Within the NHS, “too complex” has become a convenient exit clause. It is what happens when multimorbidity collides with siloed services. Mental health refers to neurology. Neurology refers to pain management. Pain management points back to mental health. Each department treats a fragment, while the whole person remains untreated.
Eventually, the referrals stop.
Discharge is not recovery.
It is the withdrawal of responsibility.
This experience is not rare. NHS England estimates that around one in four adults in the UK live with two or more long term health conditions. People with complex needs account for a significant proportion of GP appointments and hospital use, yet consistently report poorer continuity of care. The National Audit Office has repeatedly warned that fragmented services for patients with multiple conditions lead to worse outcomes and higher long term costs.
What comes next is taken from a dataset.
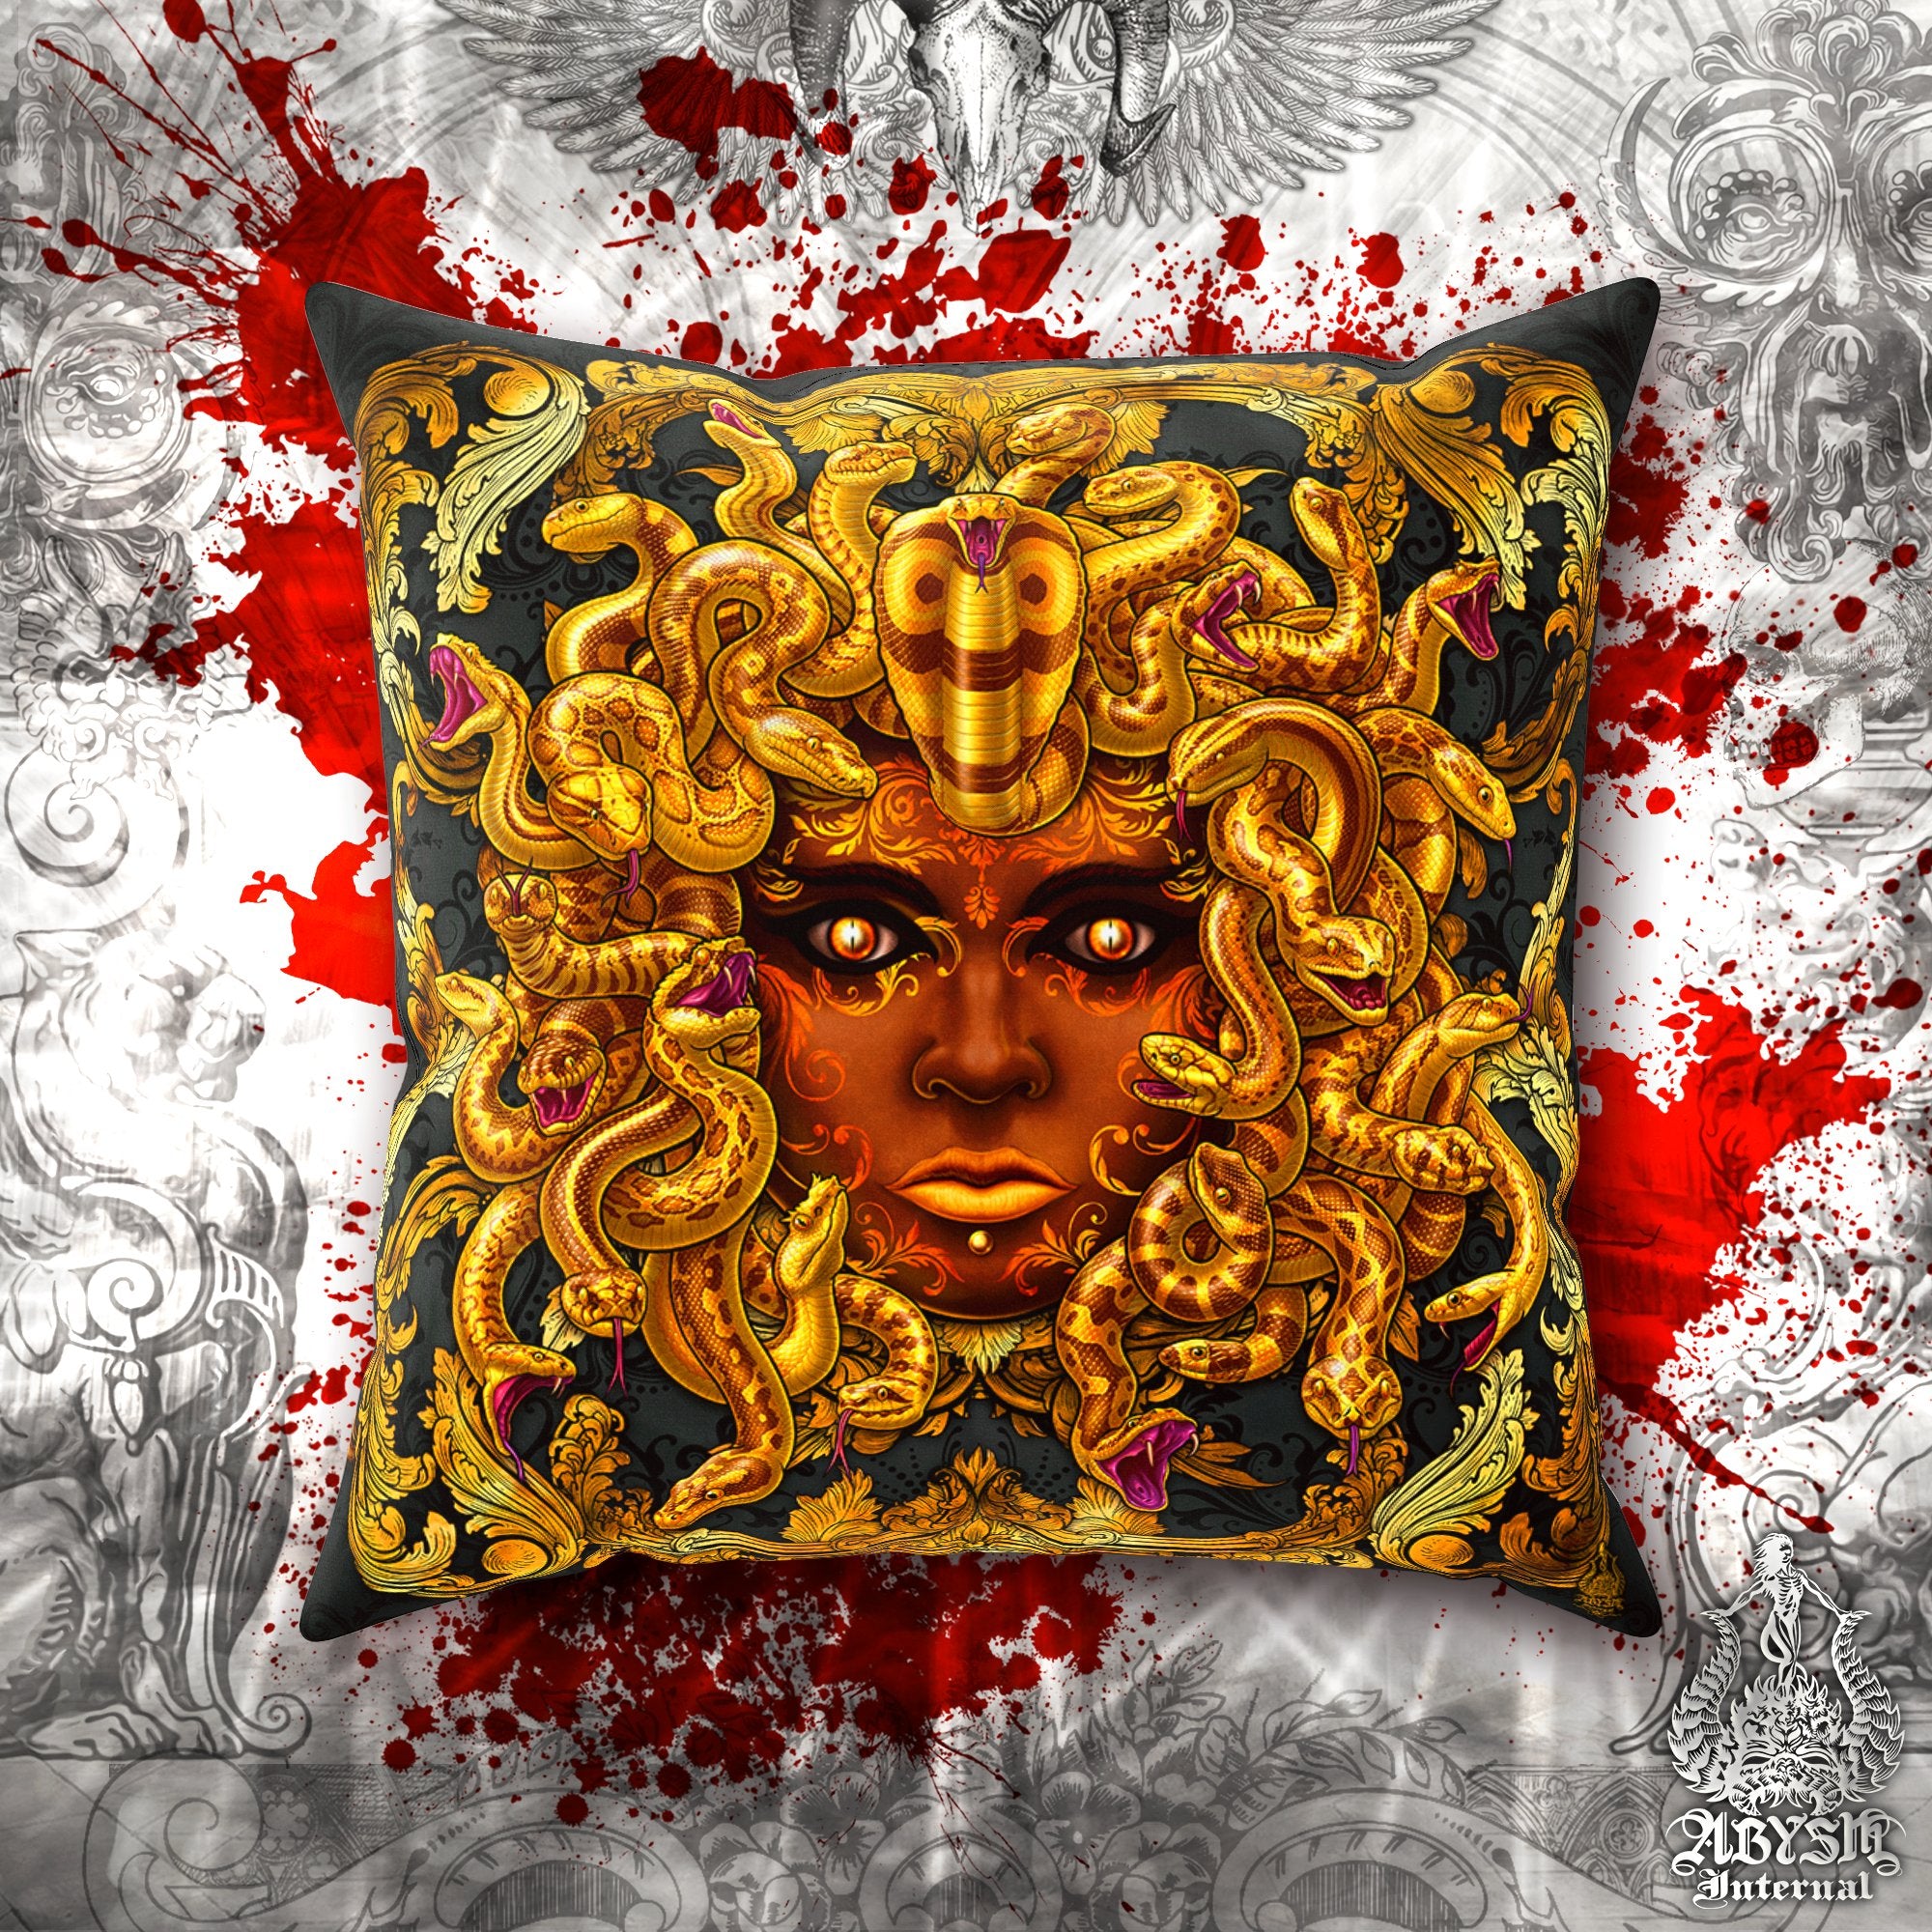 Skull Throw Pillow, Decorative Accent Pillow, Square Cushion Cover, Medusa, Game Room Decor, Macabre Art, Alternative Home - Gold Snakes, 2 Faces - Abysm Internal
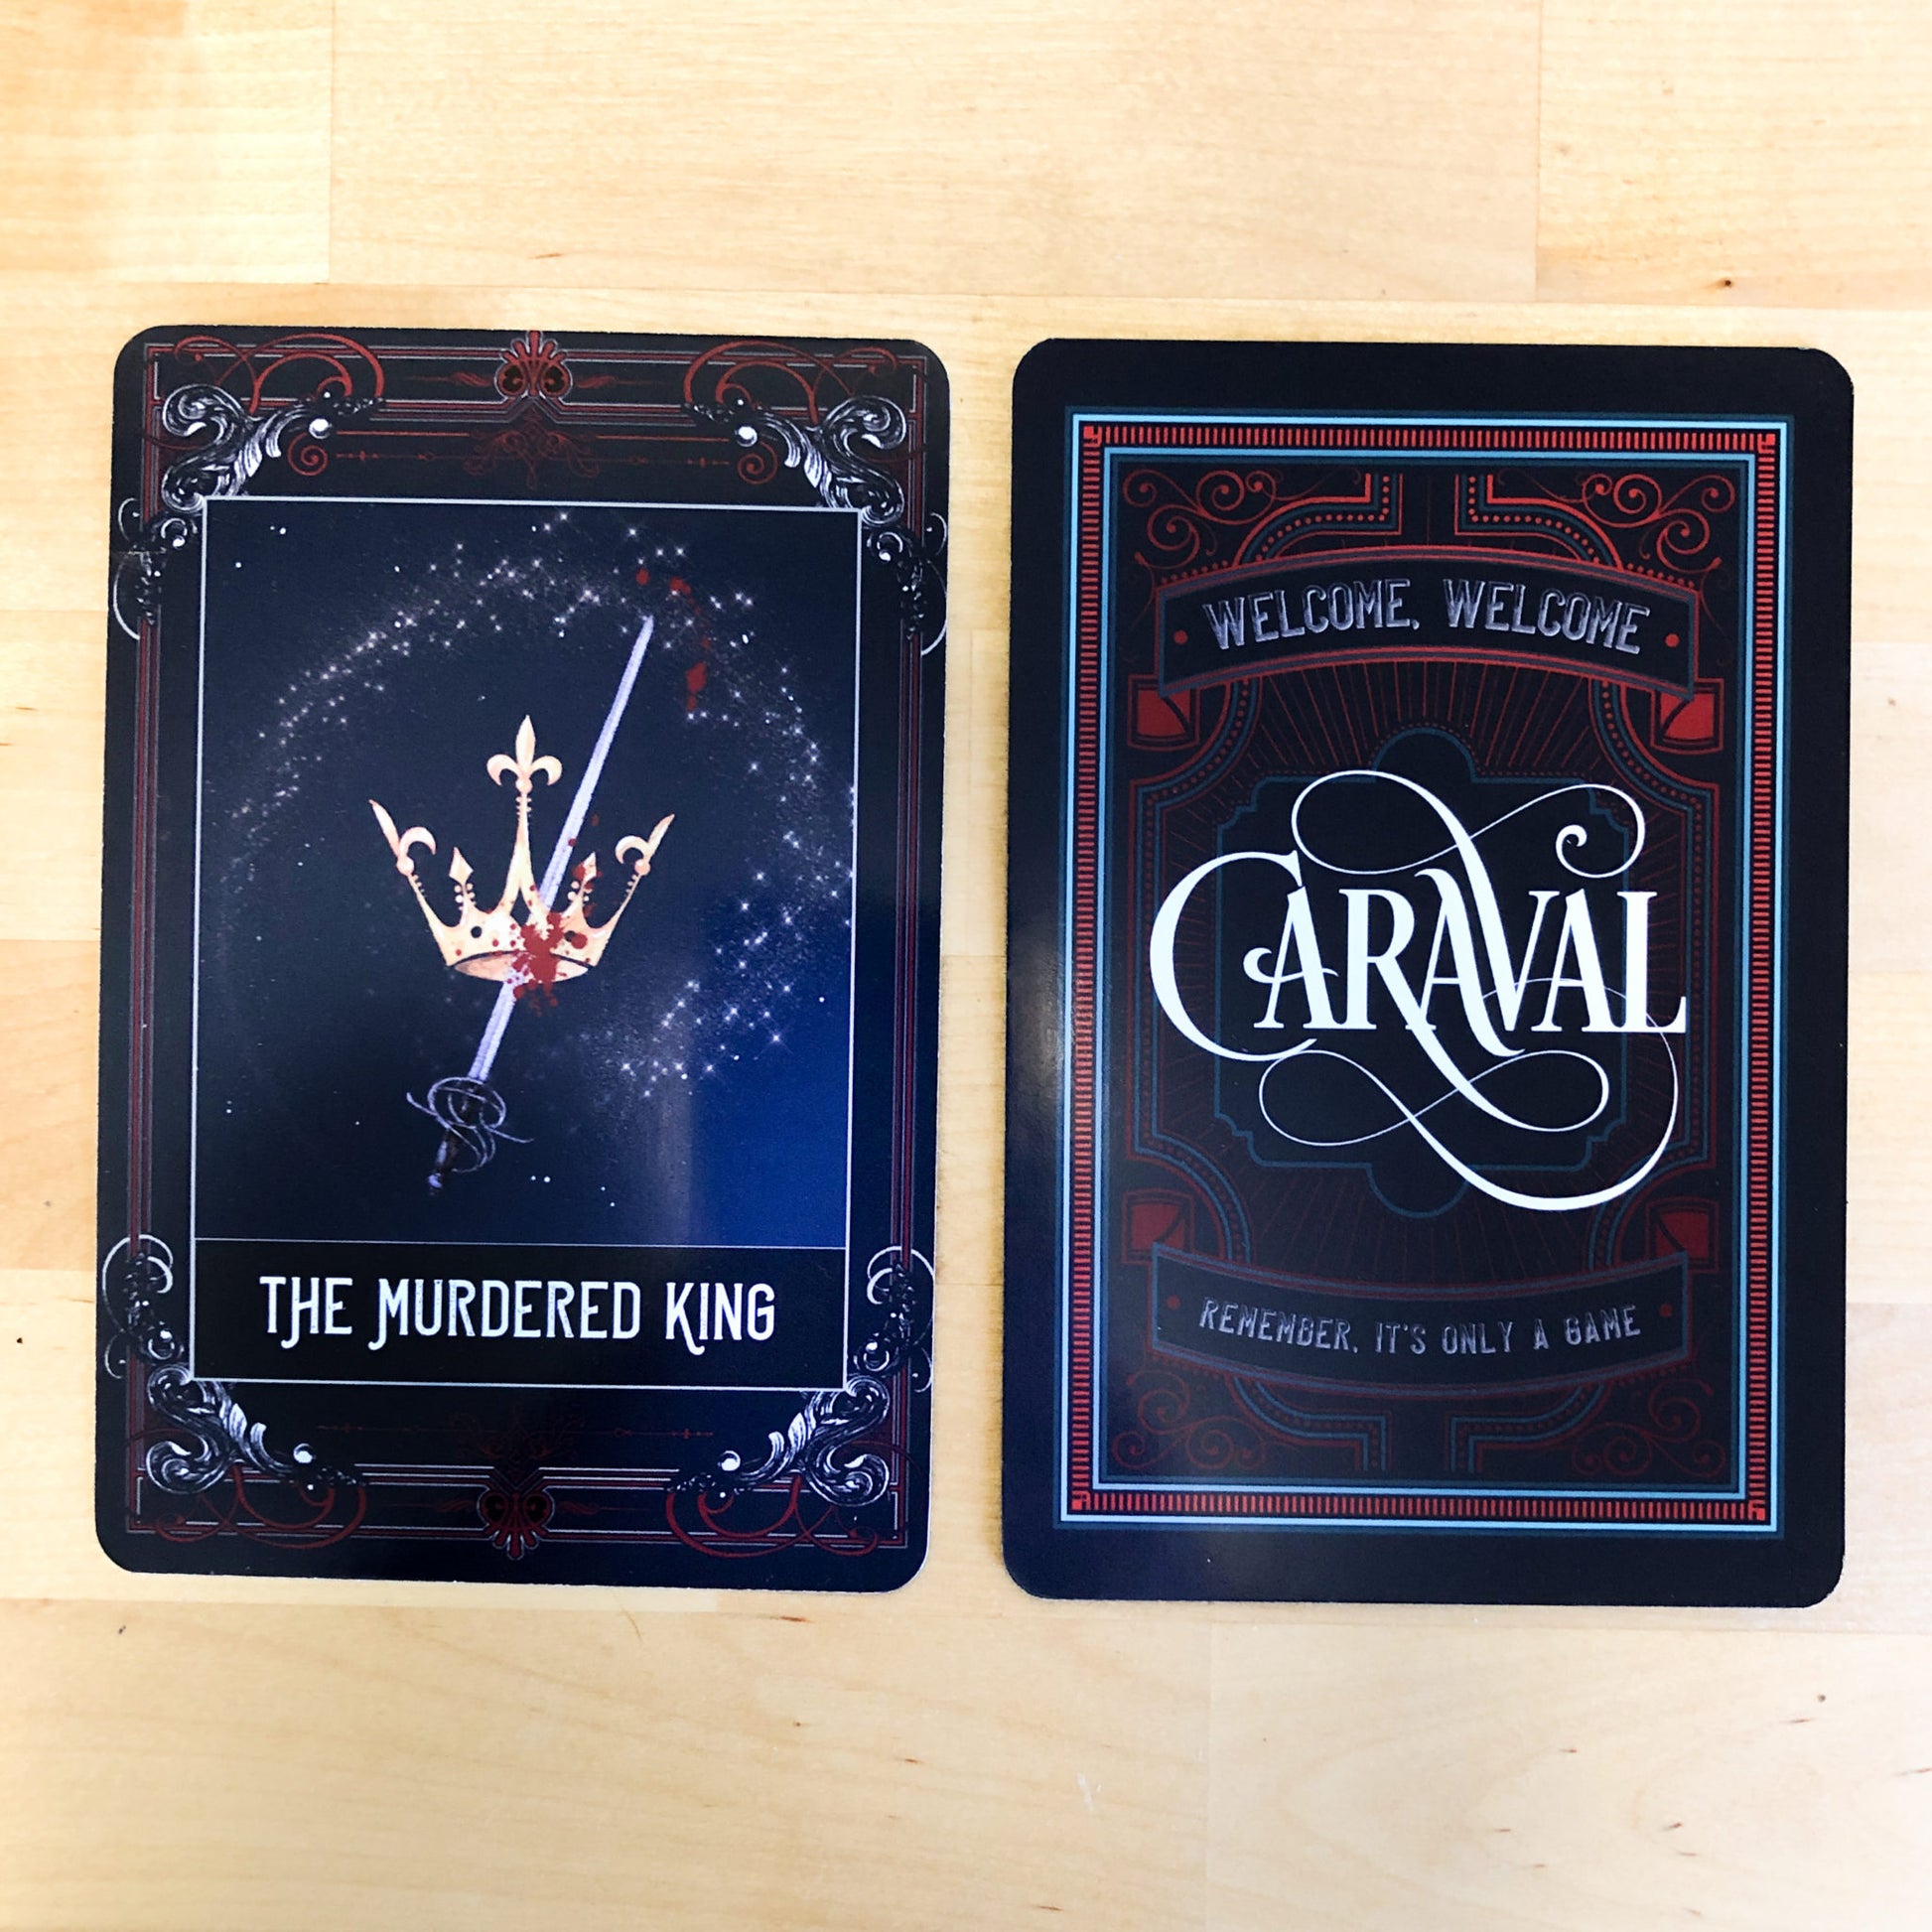 Caraval themed "tarot" card (The Murdered King)

Once clinical pathways close, the burden shifts elsewhere.
Social services become the next battleground. Every assessment demands the same explanations, the same evidence, the same justification of disability. Impairment is treated as something that must be continually proven, as though it might have quietly resolved itself between forms.
Support is not offered as a right.
It is negotiated as a concession.
For people with neurological conditions, cognitive impairment, or severe fatigue, this process is particularly punishing. The very conditions that create the need for support also make navigating bureaucracy harder. Self advocacy becomes a full time task performed with depleted resources.
Mobility aids expose the inequity most starkly. A wheelchair is not a luxury. It is the difference between confinement and participation. Yet access to NHS wheelchair services depends heavily on where you live. Scope has documented wide regional variation in eligibility criteria, waiting times, and funding. Some people wait over a year for assessment. Others are deemed ineligible altogether.
When NHS provision fails, the cost is transferred to the individual.
A suitable wheelchair can cost several thousand pounds. Powered chairs, often essential for people with neurological conditions or limited strength, can exceed £10,000. Grants are limited and competitive. Fundraising becomes the only route to basic mobility.
This is not independence.
It is survival by attrition.
The cumulative impact is not only physical decline. It is psychological erosion. Repeated dismissal teaches people that their suffering is inconvenient. That complexity is a flaw. That needing help is something to apologise for.
Yet complexity is not exceptional. It is increasingly common in an ageing population and among those living with trauma, disability, and chronic illness. A healthcare system that cannot accommodate complexity will continue to fail precisely those who rely on it most.
This is not a demand for limitless resources. It is a call for ownership, coordination, and honesty. For acknowledging that “too complex” often means “we do not have a pathway”. For recognising that discharging a patient does not make the problem disappear.
To the clinicians who still listen, who still advocate, who still see the whole person rather than isolated symptoms, your work matters.
To those trapped in the referral loop, you are not failing the system.
The system is failing you.
If this reflects your experience, consider sharing it, discussing it, or using it as a starting point to push for better coordinated care. Change does not always begin loudly. Sometimes, it begins with refusing to quietly accept the label “too complex”.